I stopped doing that a while ago.


----------



## May H. (Mar 20, 2018)

Yes, this always happens when I forget to “stop incoming rides”.


----------



## Homie G (Oct 19, 2017)

Rideshareguy123 said:


> Im putting this out there so your not cheated out of your surge earnings. Yesterday I, again, experienced a situation in which I picked up a pax (at a large surge) for a short ride and recieved another request before dropping the pax off....in the same surge area..we'll, I accepted the request but realized that it did NOT have an added surge!!! Uber is screwing you out of surge because they assume you dont know there's surge in the area of the request. However, after canceling the ride I realized that the request area was surging at +7.25!!!! They charge the pax for the surge but hide it from the driver......my reccomendation is DO NOT ACCEPT IN COMING REQUEST WHILE DROPPING OF PAX untill you confirm the surge rate because I assure you they will give you the request and withhold any added surge..


The surge didn't display on the screen when you got the stacked ping?


----------



## TomTheAnt (Jan 1, 2019)

Homie G said:


> The surge didn't display on the screen when you got the stacked ping?


This. Learned it long time ago that if the ping doesn't have a surge attached to it, you will not be get a surge. Simple as that. Whether pax pays a surge is anybody's guess since the fake/ghost/expired surge zones are extremely commonplace nowadays.


----------



## Atom guy (Jul 27, 2016)

Any time I am in a surge area I hit "stop requests" after accepting a surge ride, for this very reason. I have no idea what surge I could get if I just leave the app on and blindly accept whatever ride comes in. A nice surge could be a mile away.



Homie G said:


> The surge didn't display on the screen when you got the stacked ping?

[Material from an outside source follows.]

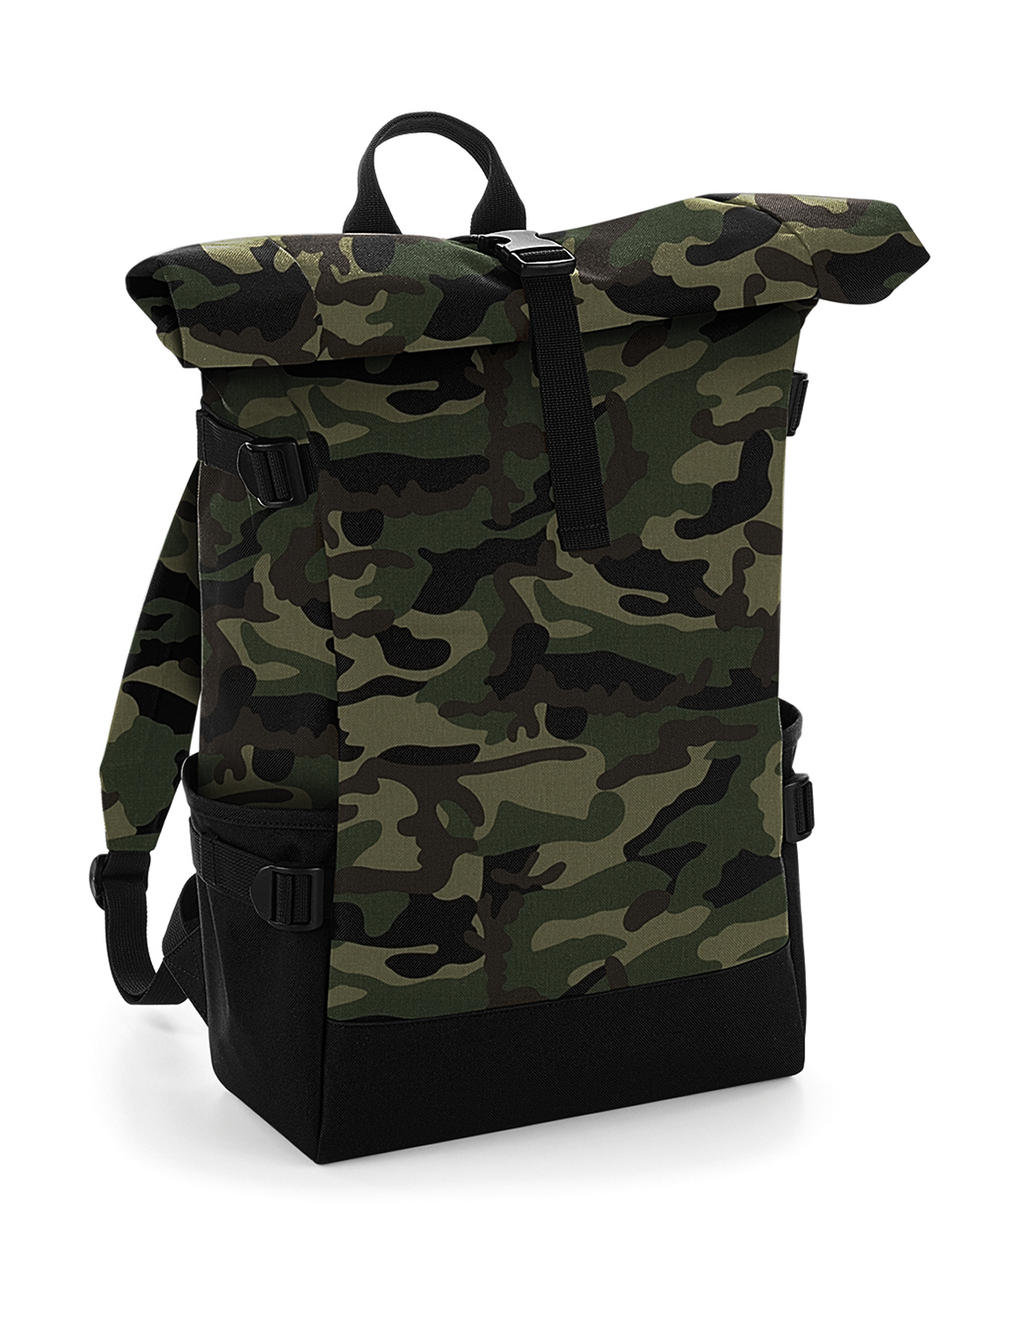  Block Roll-Top Backpack in Farbe Jungle Camo/Black

Uber could be giving you a ride outside the current surge zone, but you are still in it, and they don't seem to apply the current surge to your next ride. If the passenger is in a surge zone, then you'll get that surge for the ride, but you might have been driving in a higher surge area when you accepted it, and end up only getting the surge where the passenger is. It's a sneaky trick.



TomTheAnt said:


> This. Learned it long time ago that if the ping doesn't have a surge attached to it, you will not be get a surge. Simple as that. Whether pax pays a surge is anybody's guess since the fake/ghost/expired surge zones are extremely commonplace nowadays.


The app seems to have a glitch where the surge zone doesn't update properly, and shows on the map when it is really expired. If it doesn't list a next trip surge amount at the bottom of the screen, there is no surge, even if you see orange on the map.


----------



## Merc7186 (Jul 8, 2017)

...or you could read the incoming request before quick fingering it like a young child with a new toy. Thats on you OP.


----------



## Mista T (Aug 16, 2017)

They have fixed this entire problem in my market.

The solution was amazingly simple: they hired so many drivers that they simply don't pay surge anymore.


----------



## RideshareSpectrum (May 12, 2017)

Atom guy said:


> The app seems to have a glitch where the surge zone doesn't update properly, and shows on the map when it is really expired. If it doesn't list a next trip surge amount at the bottom of the screen, there is no surge, even if you see orange on the map.


A glitch is a coding error or bug that needs to be fixed for smooth operations. You are referring to a built in feature that benefits Uber greatly and will never be remedied, Be happy (or ashamed) that you've stuck around long enough to know it exists and act accordingly.


----------